[TASK ITEM] Reproduce, exactly and only, the lines of the data that follows from the one containing "a7a6c4b7ff0 Nike Sportswear" down to the one containing "Croft & Barrow", without pictures.

Segment Start: GIVEN DATA

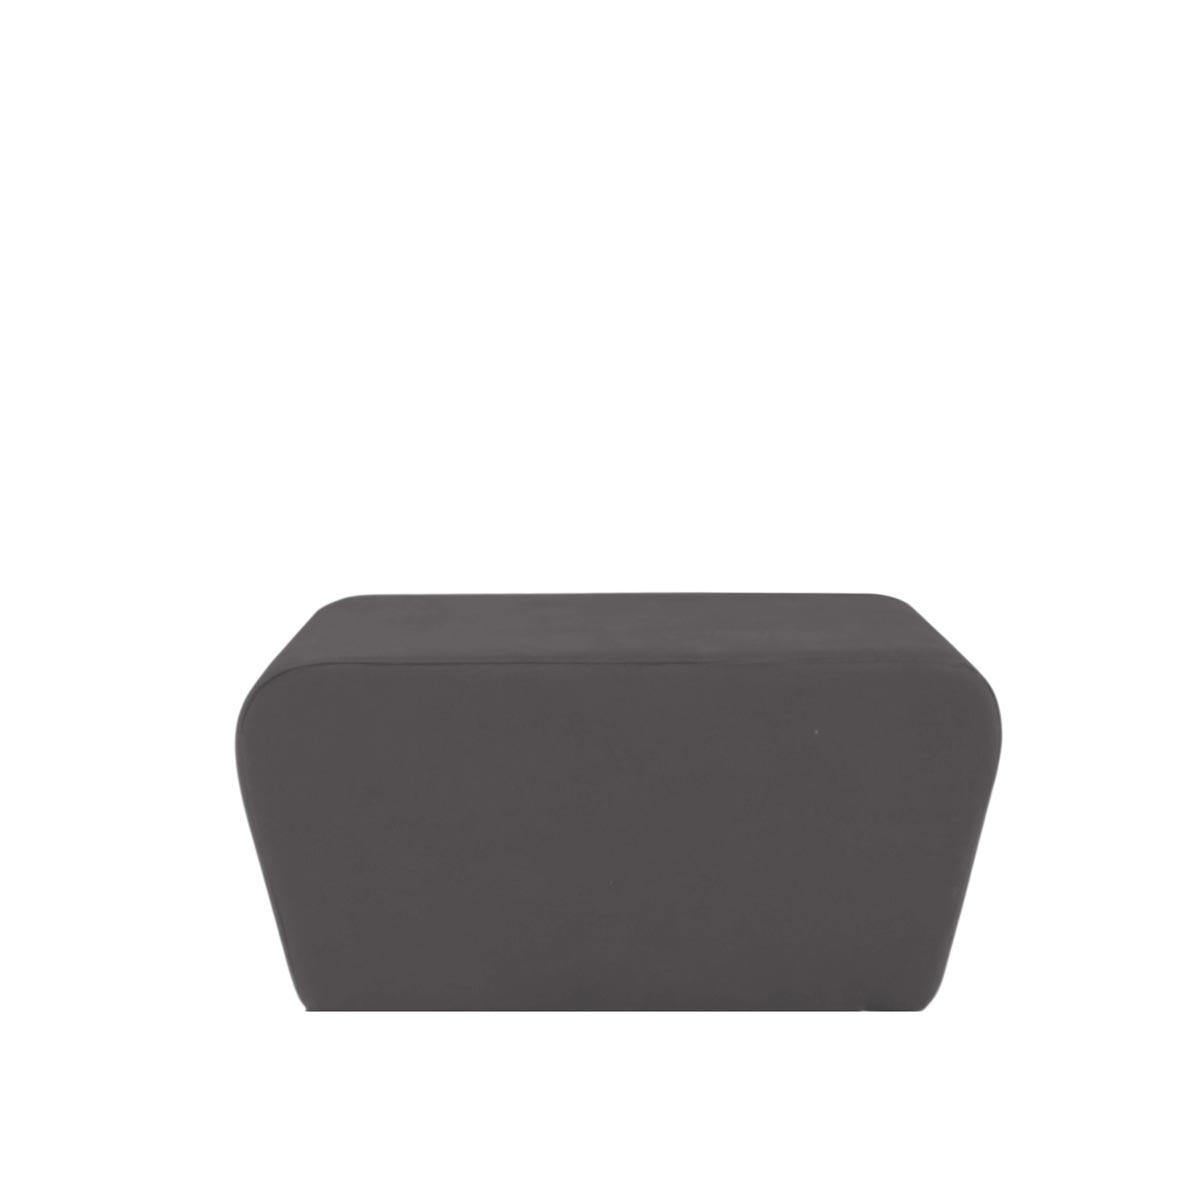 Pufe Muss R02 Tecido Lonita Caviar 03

Segment End: GIVEN DATA
Segment Start: GIVEN DATA

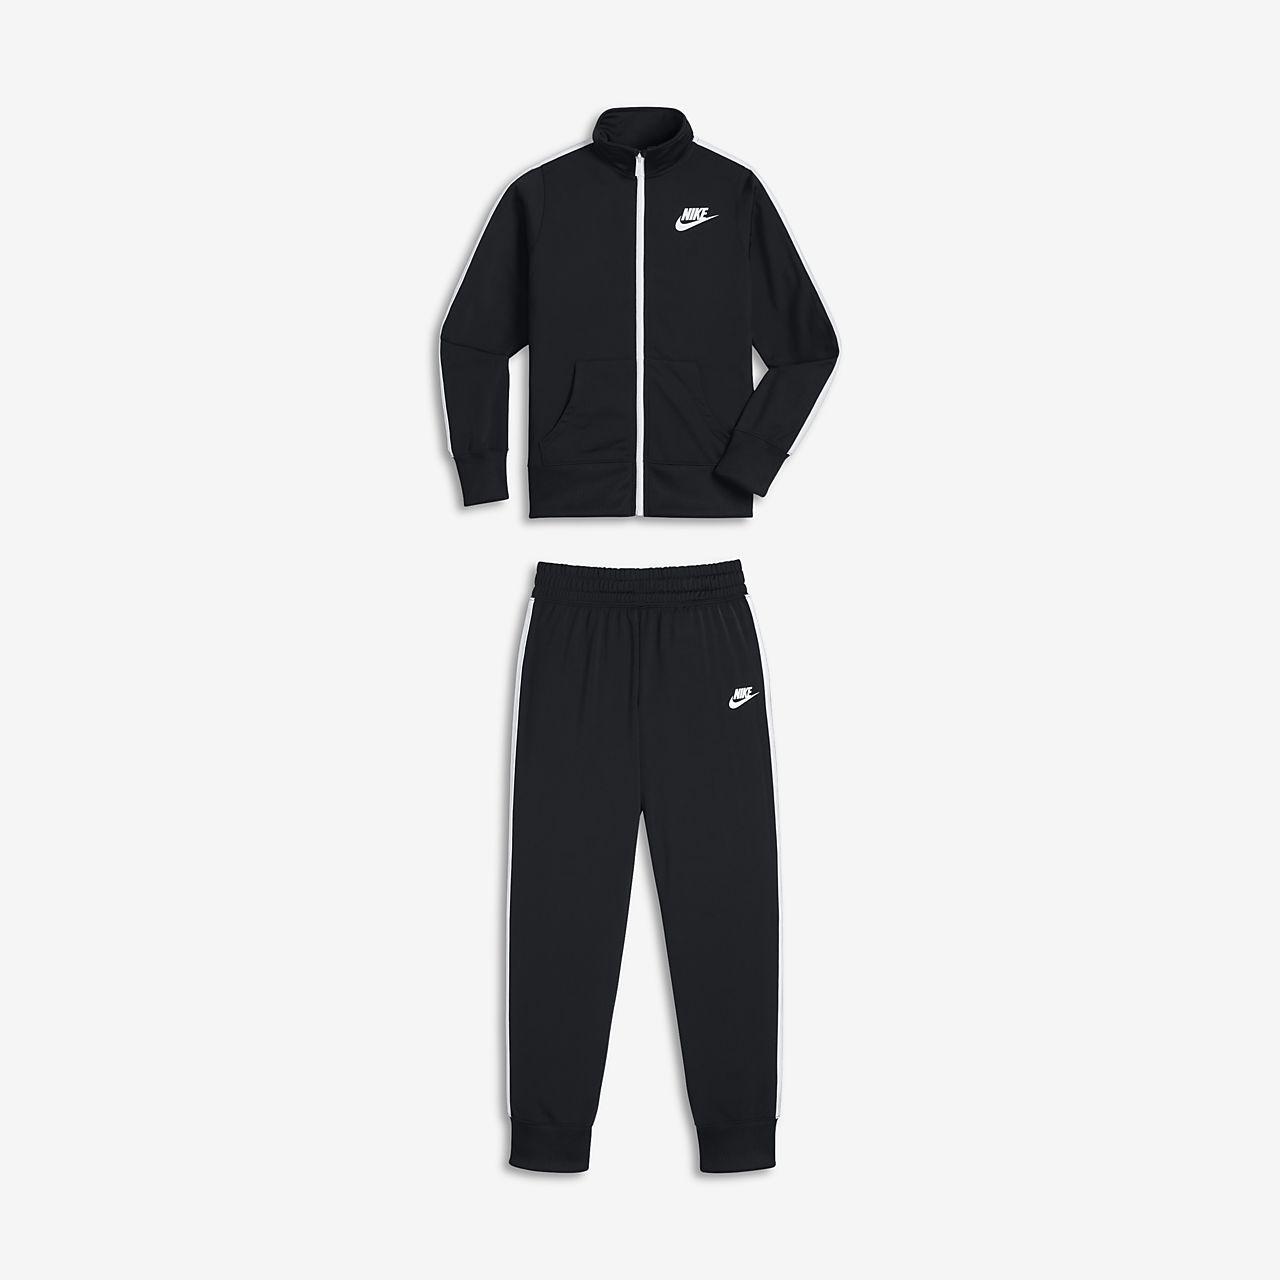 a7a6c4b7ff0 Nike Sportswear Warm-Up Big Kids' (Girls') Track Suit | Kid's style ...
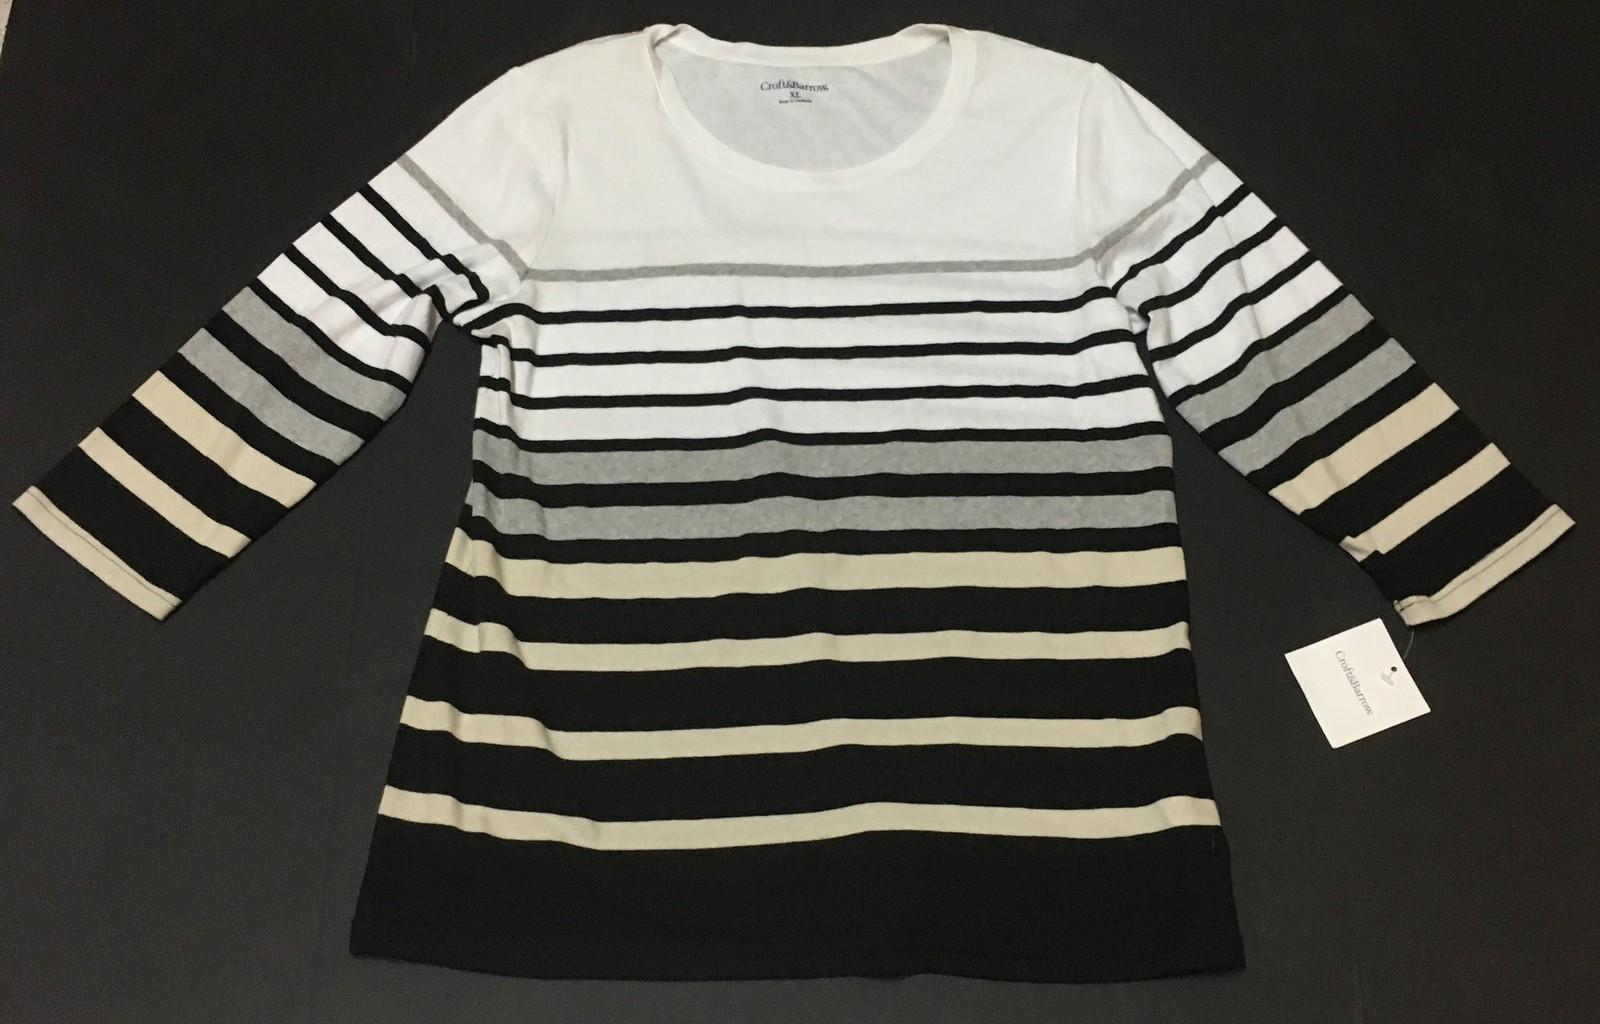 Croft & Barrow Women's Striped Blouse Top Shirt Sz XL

Segment End: GIVEN DATA

[PROBLEM SOLUTION]
 a7a6c4b7ff0 Nike Sportswear Warm-Up Big Kids' (Girls') Track Suit | Kid's style ...
 Croft & Barrow Women's Striped Blouse Top Shirt Sz XL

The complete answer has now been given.